> Your assignment: Please give the lines below again exactly as they stand, from the one that contains "Pragmata: Ein Astronaut" up to and including the one that contains "cafe vide avec", leaving all pictures out.

> Records for this exercise:
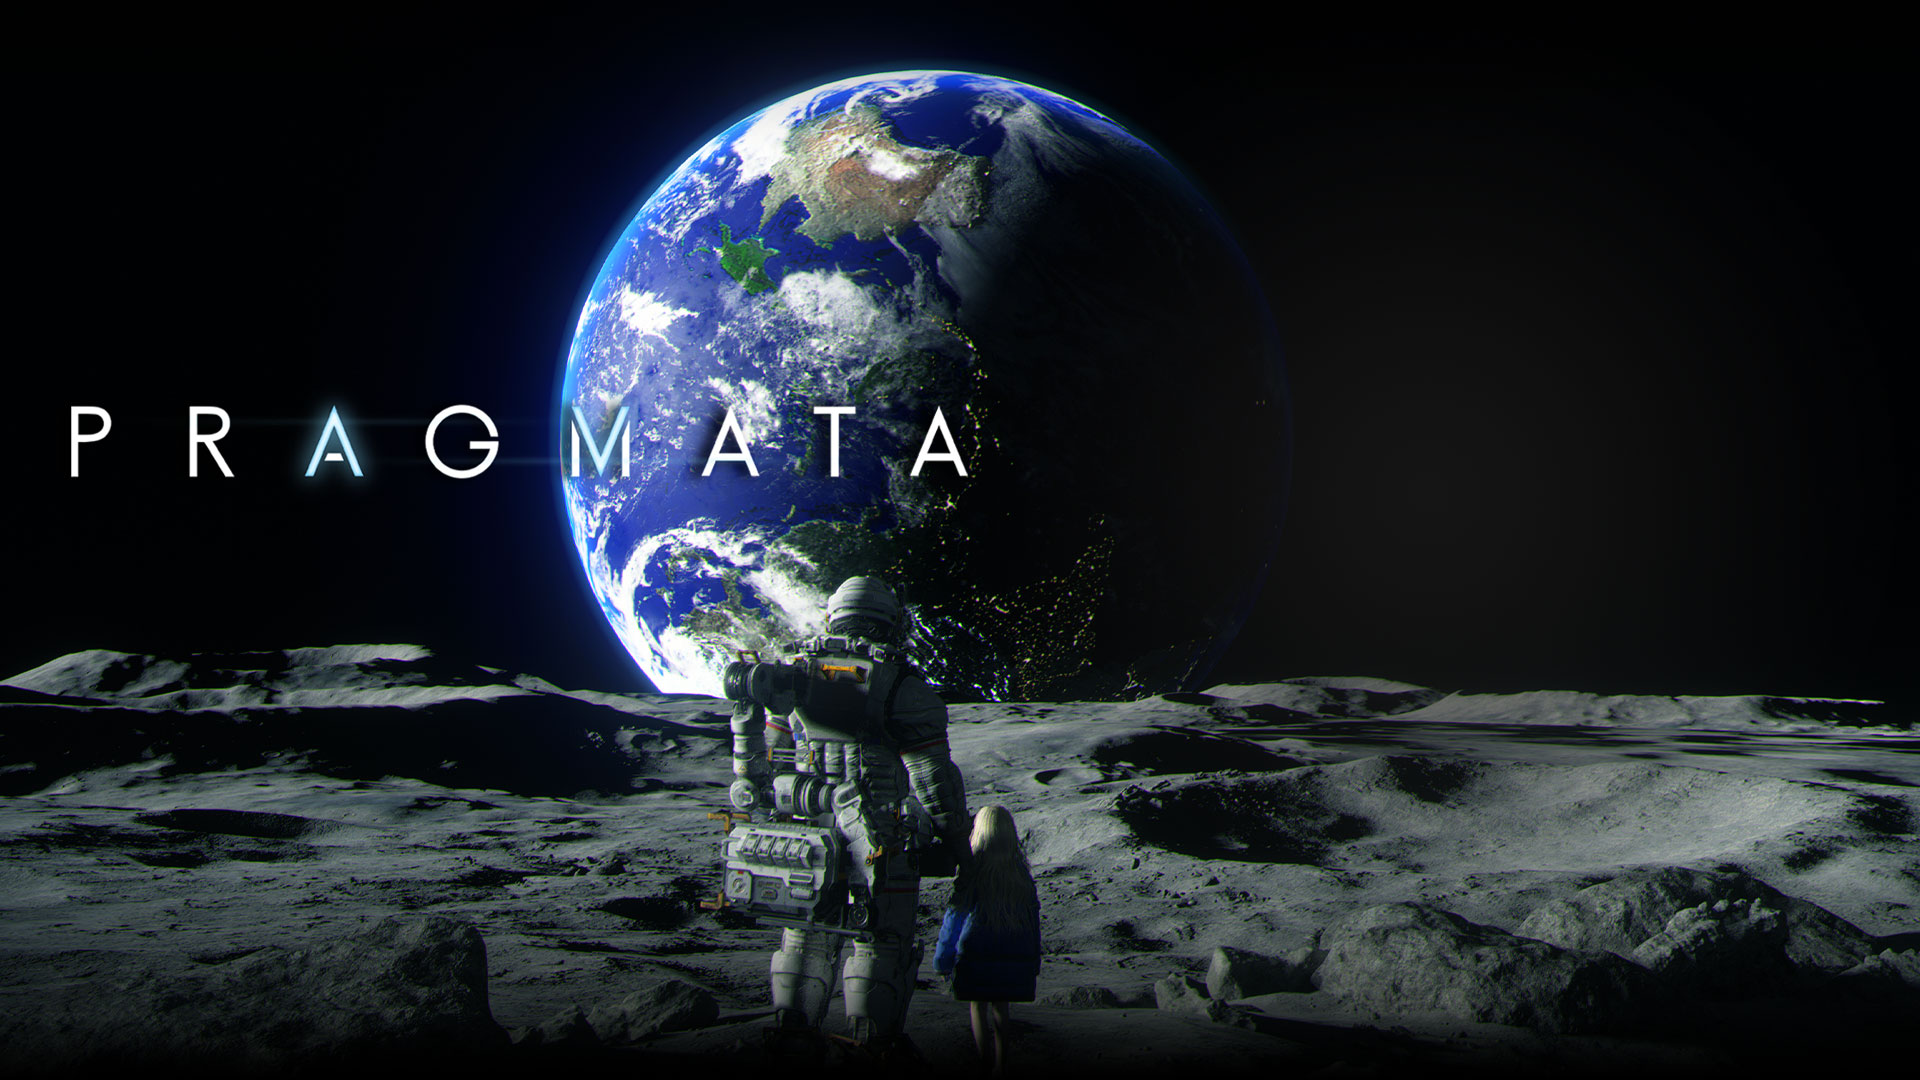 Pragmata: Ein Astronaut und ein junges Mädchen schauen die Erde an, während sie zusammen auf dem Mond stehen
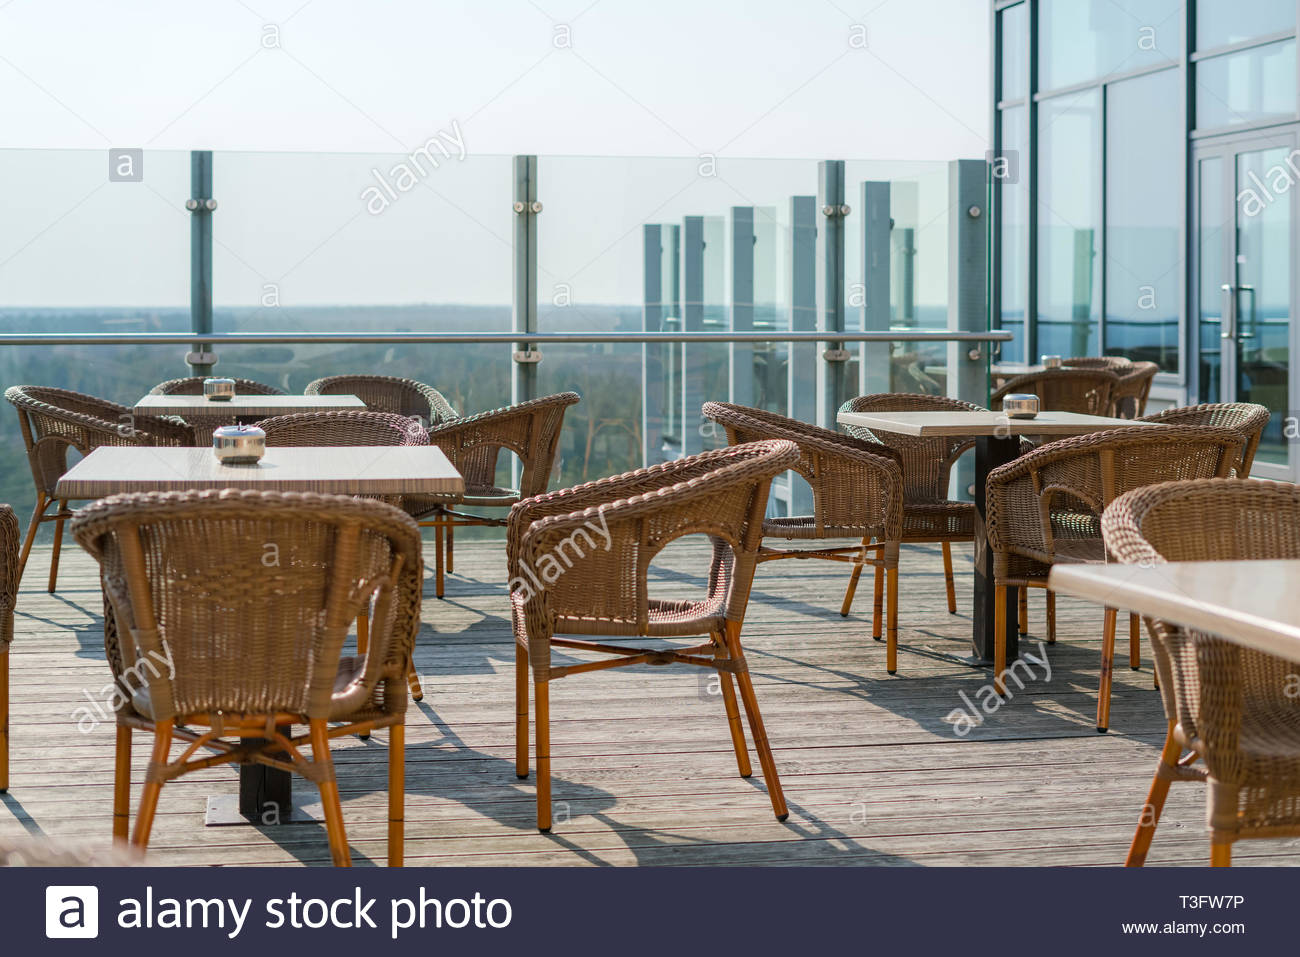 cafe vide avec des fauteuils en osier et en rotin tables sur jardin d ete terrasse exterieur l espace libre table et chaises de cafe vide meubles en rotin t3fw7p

...

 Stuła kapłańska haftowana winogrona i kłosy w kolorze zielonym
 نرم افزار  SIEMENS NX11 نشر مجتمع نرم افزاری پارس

---

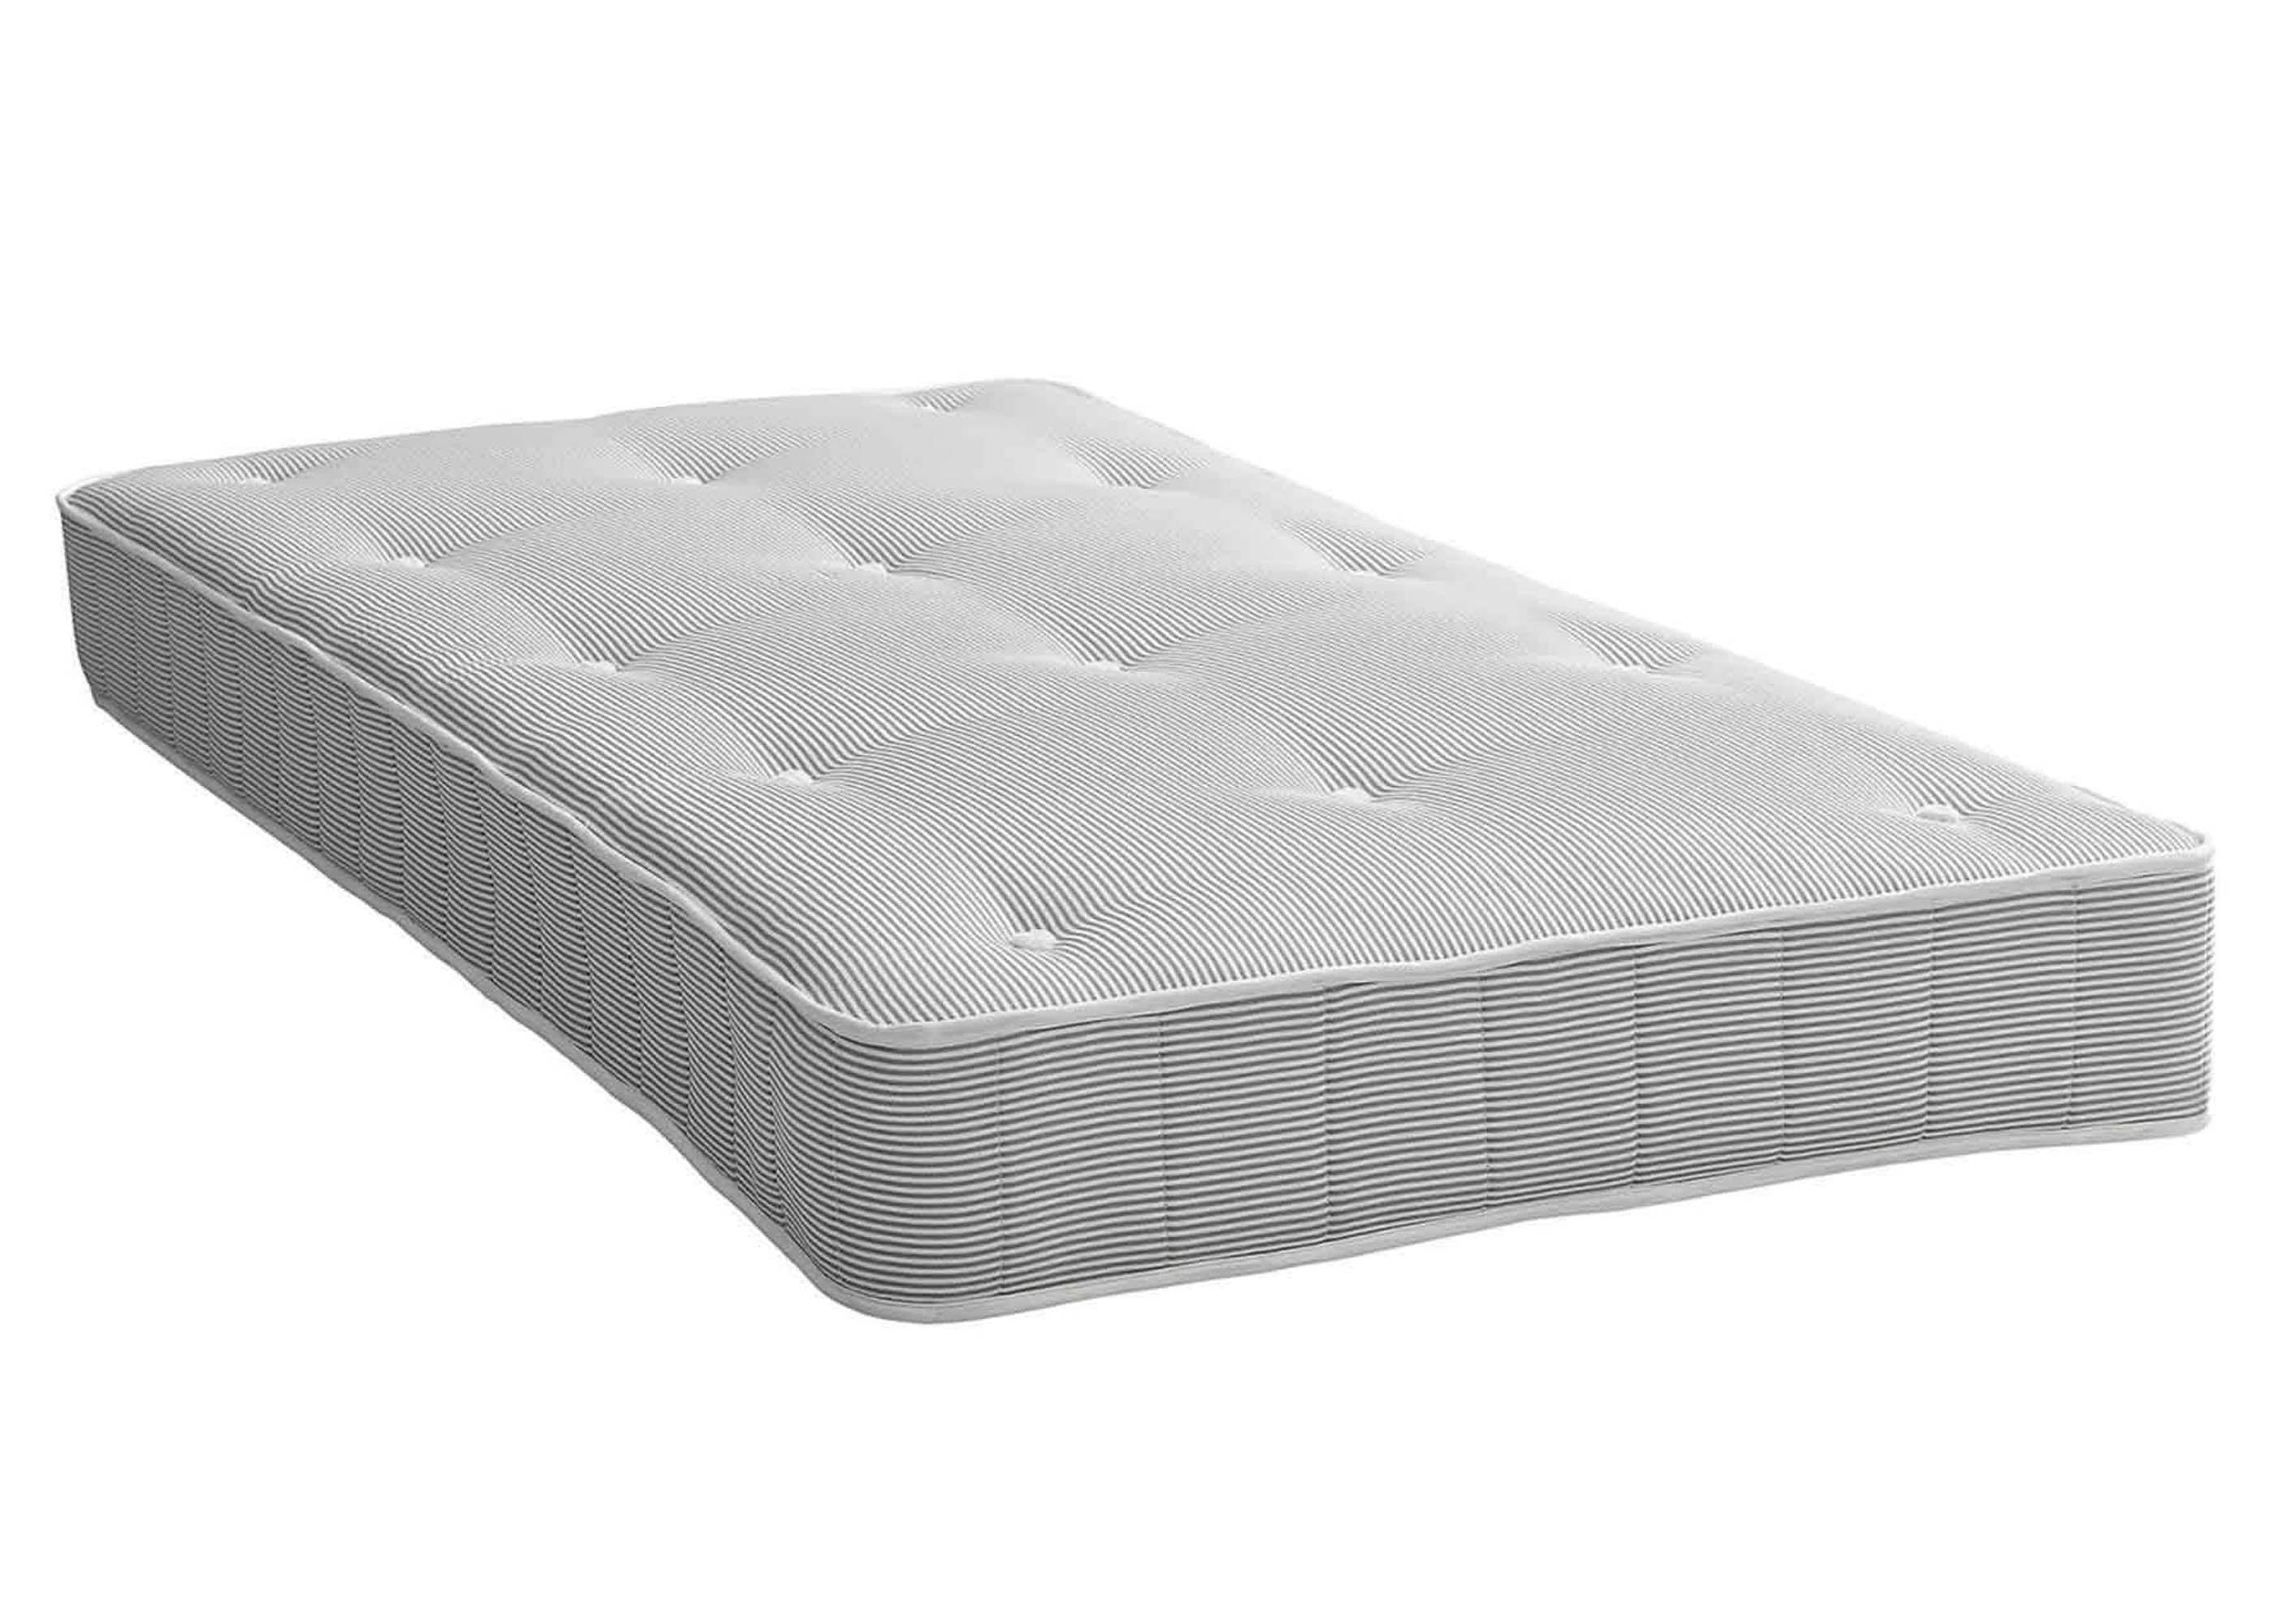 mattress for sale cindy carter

> Response area:
 Pragmata: Ein Astronaut und ein junges Mädchen schauen die Erde an, während sie zusammen auf dem Mond stehen
 cafe vide avec des fauteuils en osier et en rotin tables sur jardin d ete terrasse exterieur l espace libre table et chaises de cafe vide meubles en rotin t3fw7p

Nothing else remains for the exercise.